### Activity
Leave out the pictures, and retype the remaining data exactly.

### Given material

──────────────────────────────

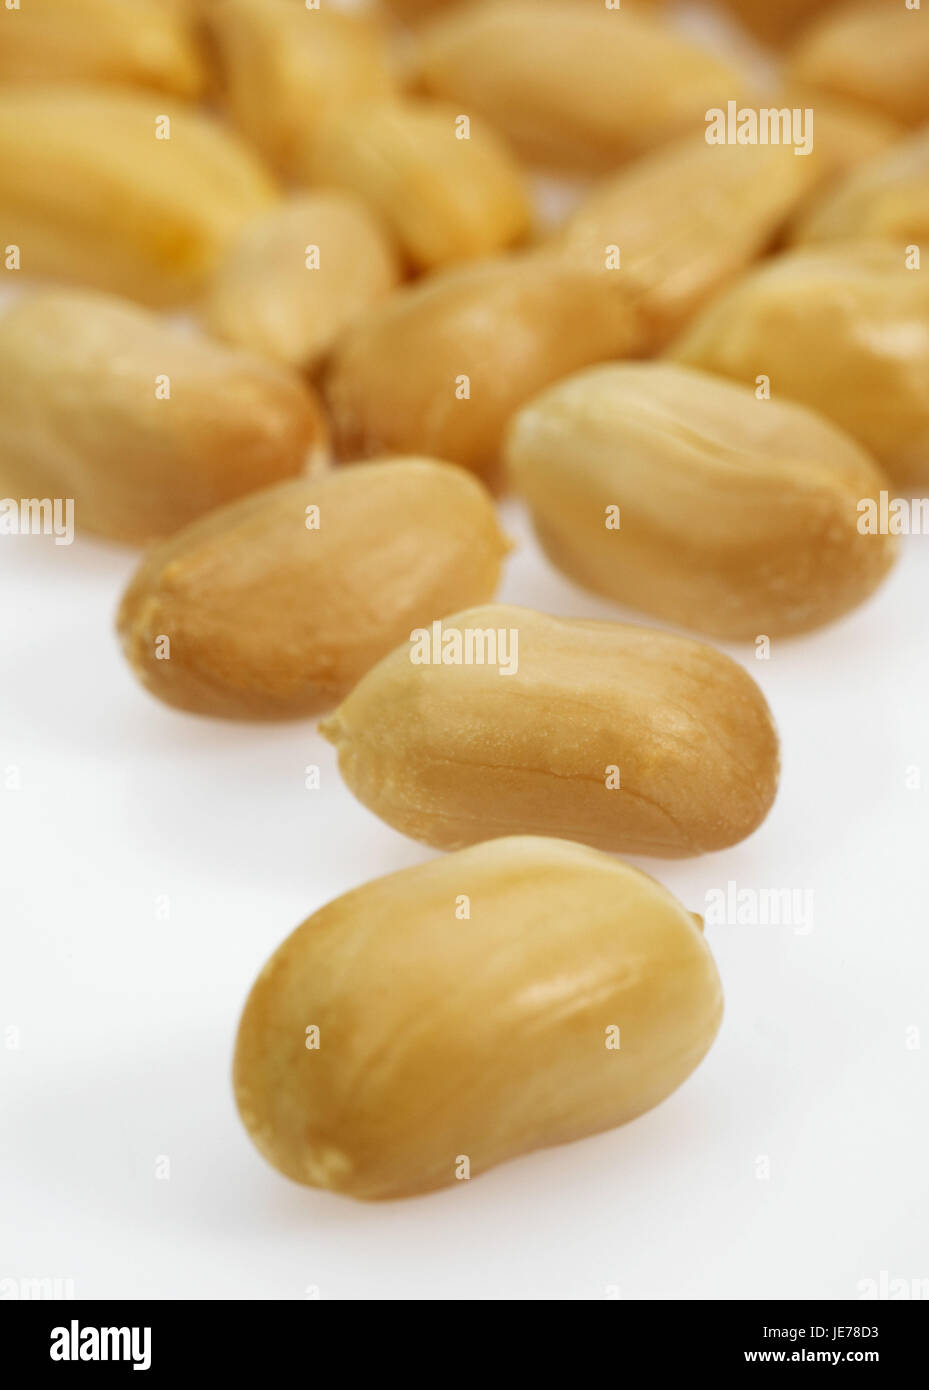 Peanuts, Arachis hypogaea, white background, Stock Photo
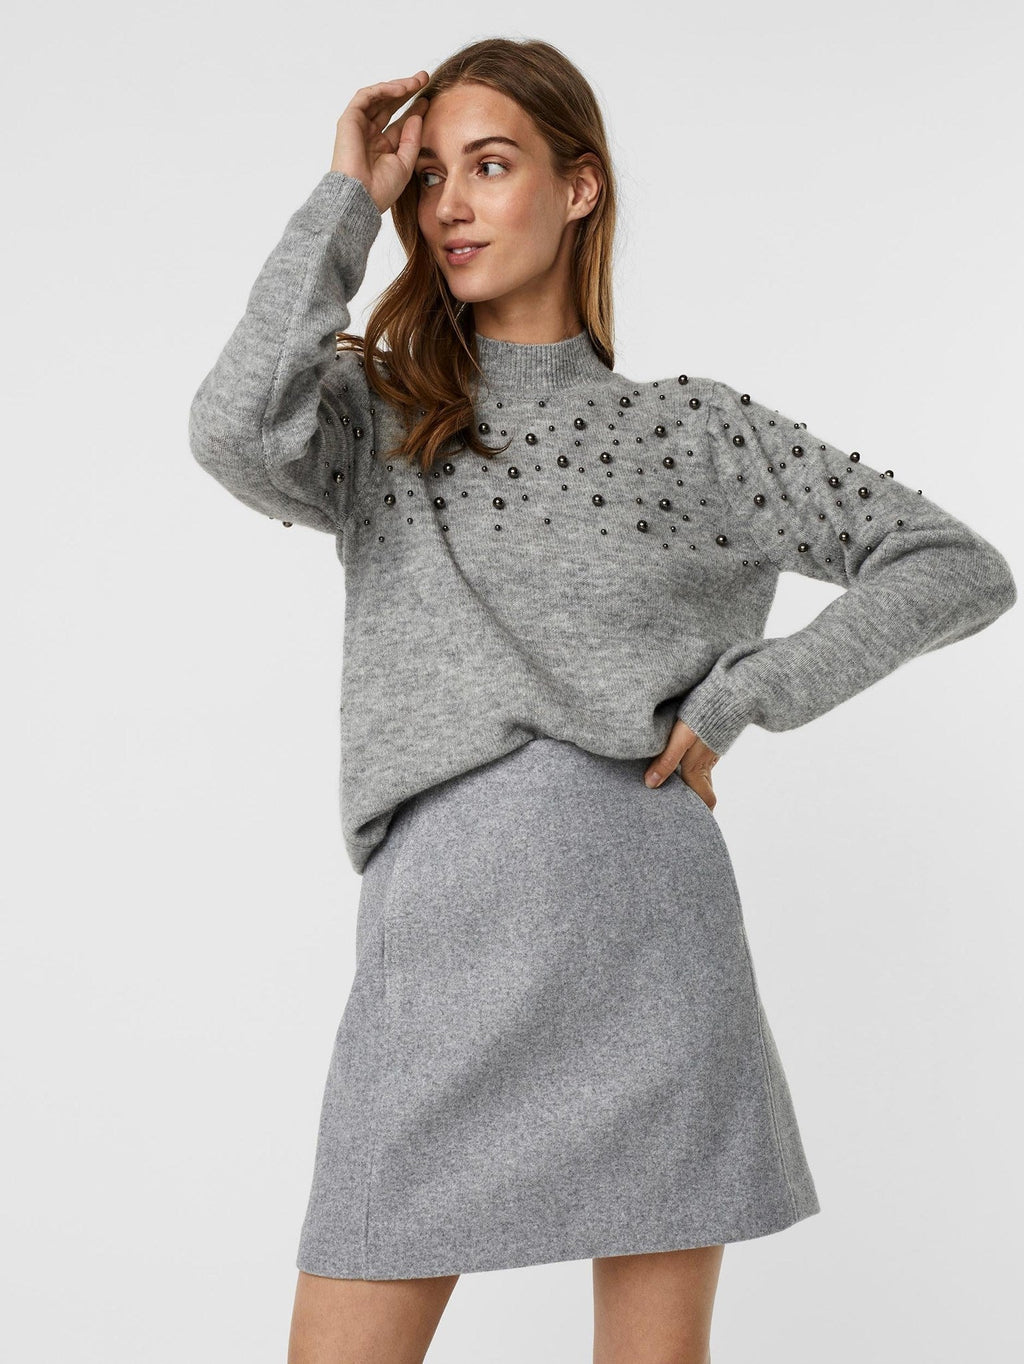 Emilia High Neck Sweater - Light gray
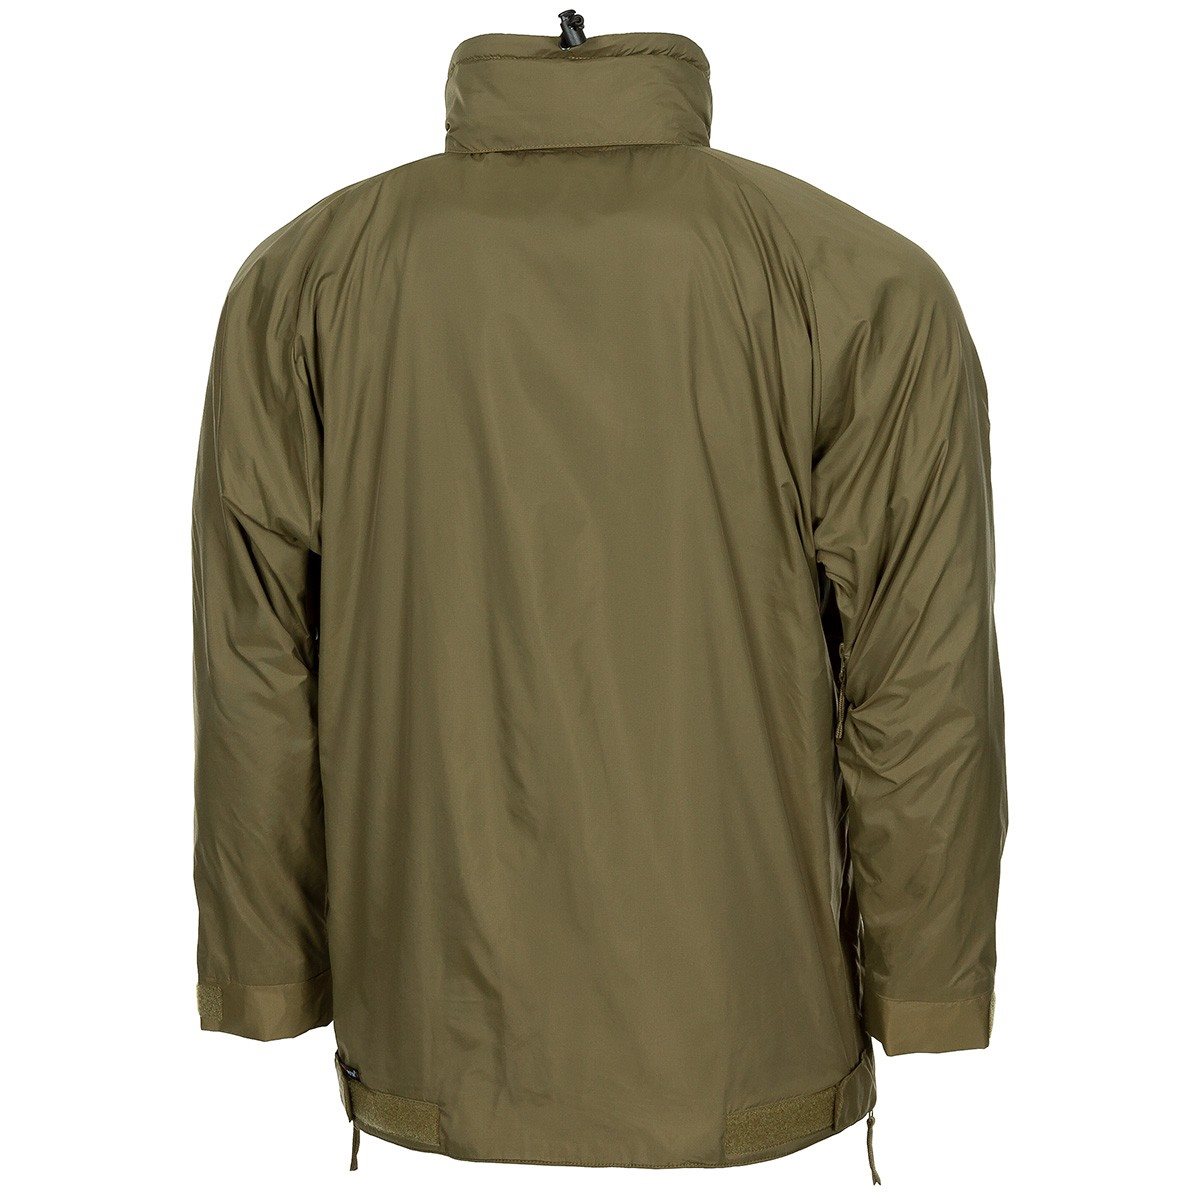 GB Thermal LIGHTWEIGHT Jacket OLIVE GREEN MFH Defence 03682B L-11
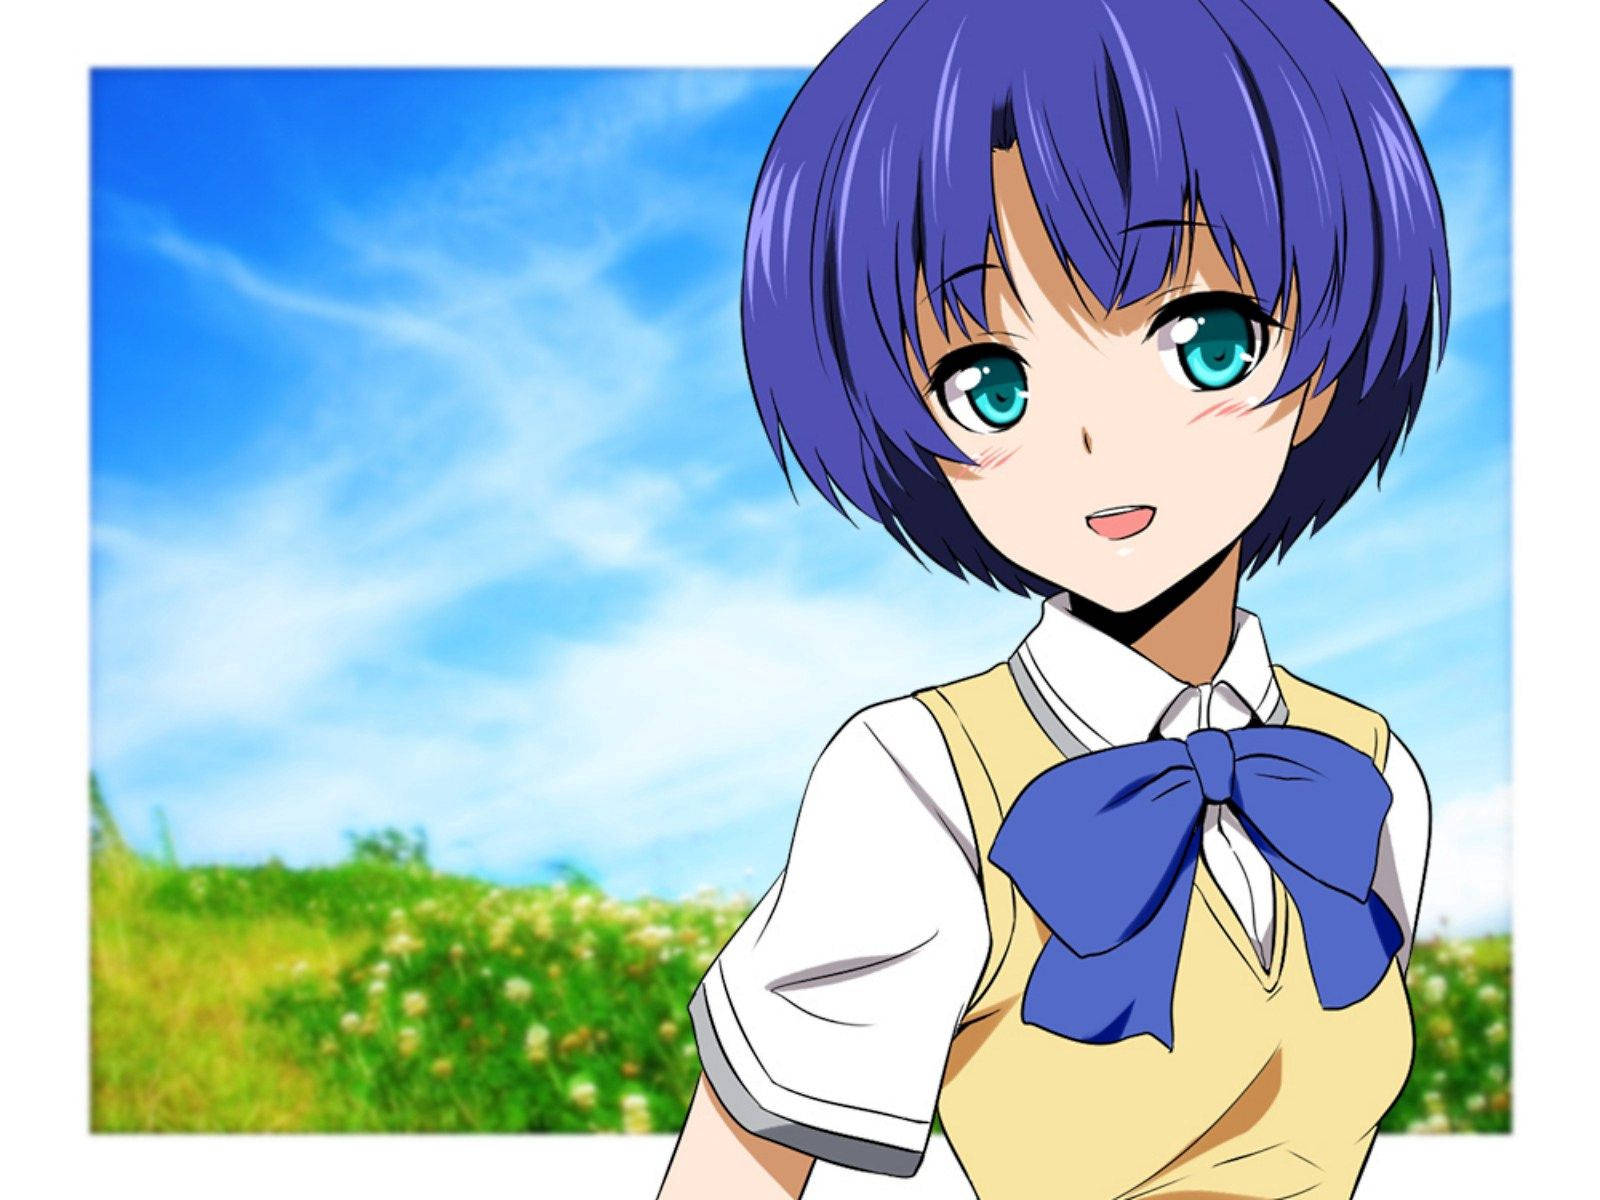 Cute Anime Girl In The Field

──────────────────────────────

### Result
 Peanuts, Arachis hypogaea, white background, Stock Photo
 Emilia High Neck Sweater - Light gray
 GB Thermal LIGHTWEIGHT Jacket OLIVE GREEN MFH Defence 03682B L-11
 Cute Anime Girl In The Field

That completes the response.